“As ocasiões fazem as revoluções”, Machado de Assis.
Não se faz revolução sozinho. Tampouco com
discrepâncias ideológicas. Contudo, numa posição peculiar está o analista
diante do caótico mundo líquido (solúvel). Há uma antiga piada sobre
psicanalistas e seu modo fecundo e ao mesmo tempo de rompimento diante de uma
possível associação:
“Para fundar uma nova escola de psicanálise basta um psicanalista. Dois são suficientes para tornar tal empreendimento um acontecimento internacional. Mas se você tiver três juntos é uma questão de tempo até isso se transformar em uma ruptura inconciliável, motivada pelos mais fundamentais antagonismos epistemológicos, éticos e metapsicológicos”.
No texto “Alma Revolucionária”, publicado no Blog da
Boitempo, o psicanalista Christian Dunker, entre outras coisas, revela que “ao
contrário de nossos colegas liberais, que querem diminuir o tamanho do mundo em
pequenos blocos de propriedades rentáveis, os revolucionários estão
interessados em expandir o tamanho da alma comum e sua expressão coletiva.
Vivemos em pleno mal-estar na pós-modernidade. O
combustível para isso é a velocidade das informações “ocas” que em milésimos de
segundos surgem nas redes, grupos e páginas da internet.
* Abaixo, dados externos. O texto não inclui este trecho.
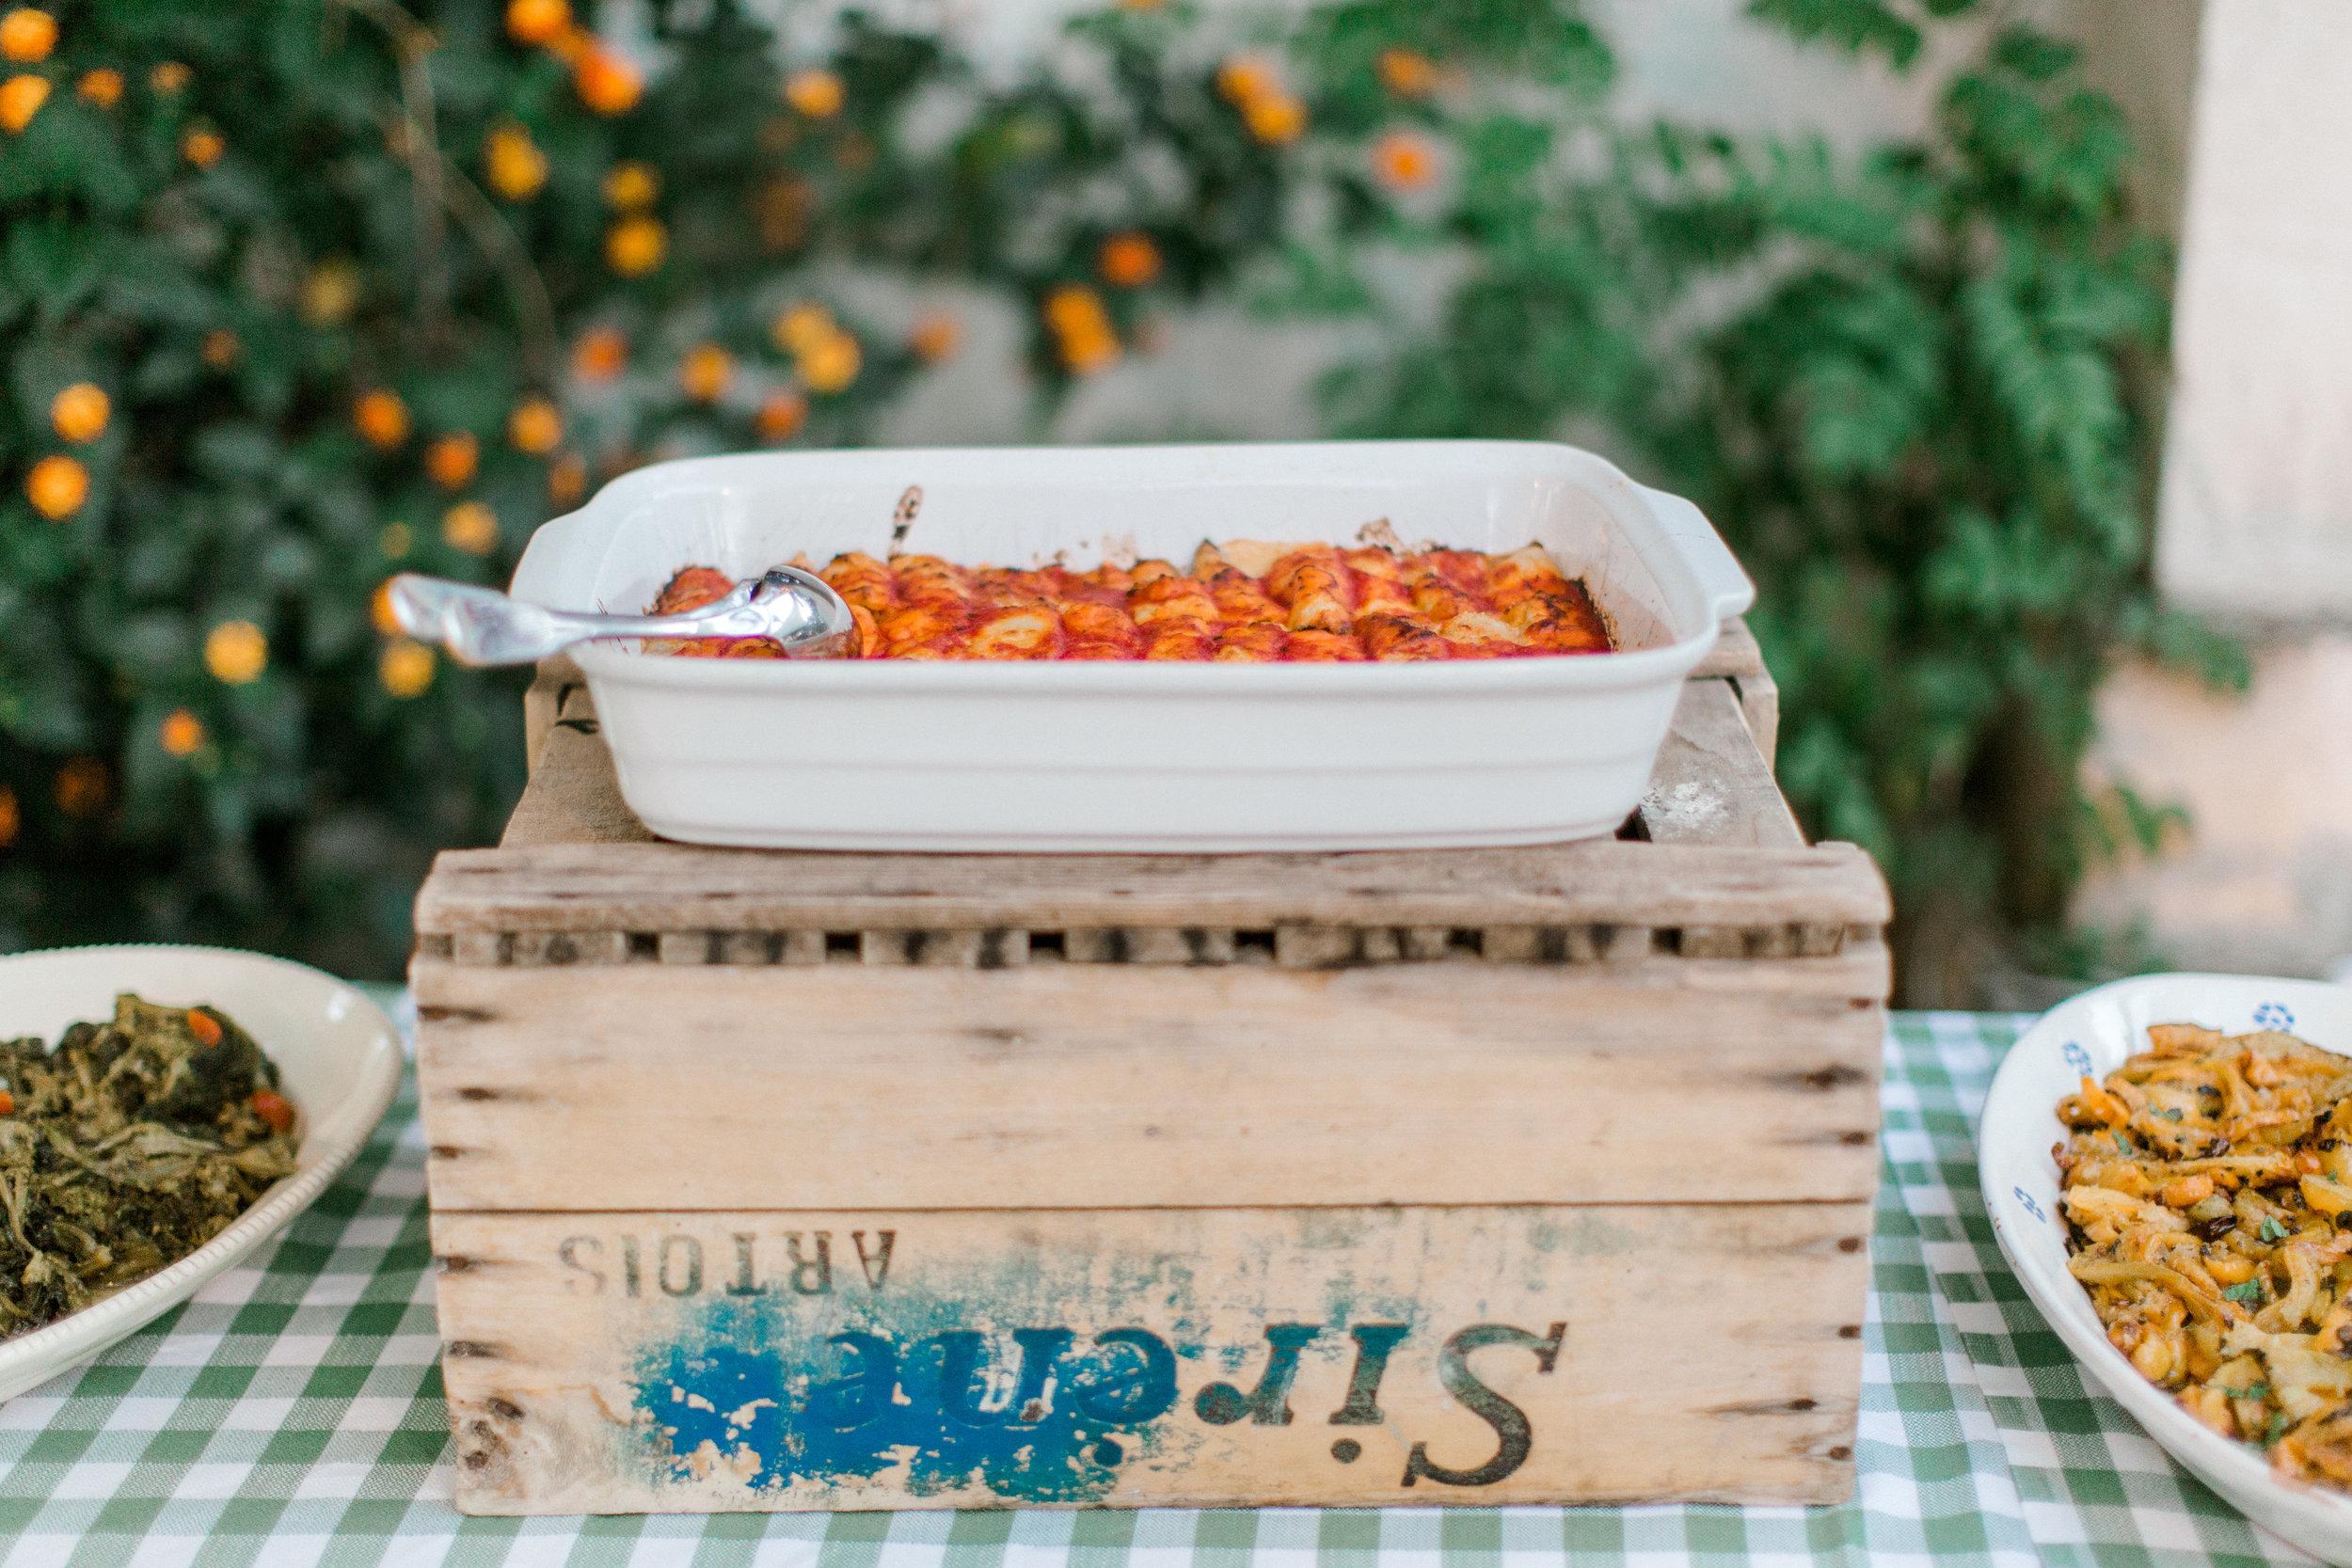 Fresh Puglian food - Italian destination wedding planned by Meggie Francisco Events, photographed by Tracy Enoch, film by Innar Hunt

Este cenário nos faz
refletir sobre o que e para quem damos a cara à tapa nos movimentos estudantis,
sindicais e associativos.
Brincar com uma democracia recente e complexa como a
nossa é perigoso. Por mais que as informações naveguem à velocidade da luz, as
pessoas não entendem a situação real em que o Brasil se encontra. É difícil um
prognóstico, mas a famosa frase de Karl Marx, "Primeiro como tragédia,
depois como farsa", nos faz refletir certos posicionamentos extremistas
como possíveis salvadores da pátria. A história nos relata isso. Depois da
crise de 1929, a ascensão dos fascismos. Estaremos preparados para o que virá
depois? Jamais. Geralmente, após um golpe, há traumas irreparáveis.
O livro "Facticidade e validade", Habermas
propõe um projeto socialista não mais como um esboço de uma forma de vida
concreta, mas sim como um conjunto de condições necessárias para formas de vida
emancipadas, sobre os quais os próprios participantes têm que se entender
preliminarmente. Isso se as polarizações permitirem o diálogo.
Sobre a polarização, Dunker diz no texto,
brilhantemente, que não se trata de céticos versus crentes, nem de muçulmanos
contra cristãos. Para o analista, a alma revolucionária pode assumir várias
formas, ora como crítica e também como ato por meio de instituições.
As relações de
dominação e servidão na atualidade emergem em um sintoma. Este sintoma subverte
a aparência ideológica de igualdade e liberdade. Repensar o papel das relações
sociais é fundamental. A luta de classes está aí camuflada nessas relações que
são como água e óleo, por mais que se tente misturar... Democraticamente.
Quando se discute a reformulação da esquerda devíamos ter em conta dois fenômenos: nosso cansaço com a representação e nosso complexo de inautenticidade. O complexo de inautenticidade ataca o coração da alma revolucionária. Ele pode ser diagnosticado por meio do que Slavoj Zizek chamou de “fantasia ideológica”.
Finalmente, o
psicanalista revela que o truque fundamental da fantasia é nos fazer acreditar
que nós a conhecemos, que nós a dominamos, que nós podemos usá-la em nosso
favor, quando, em geral, é ela que está nos usando.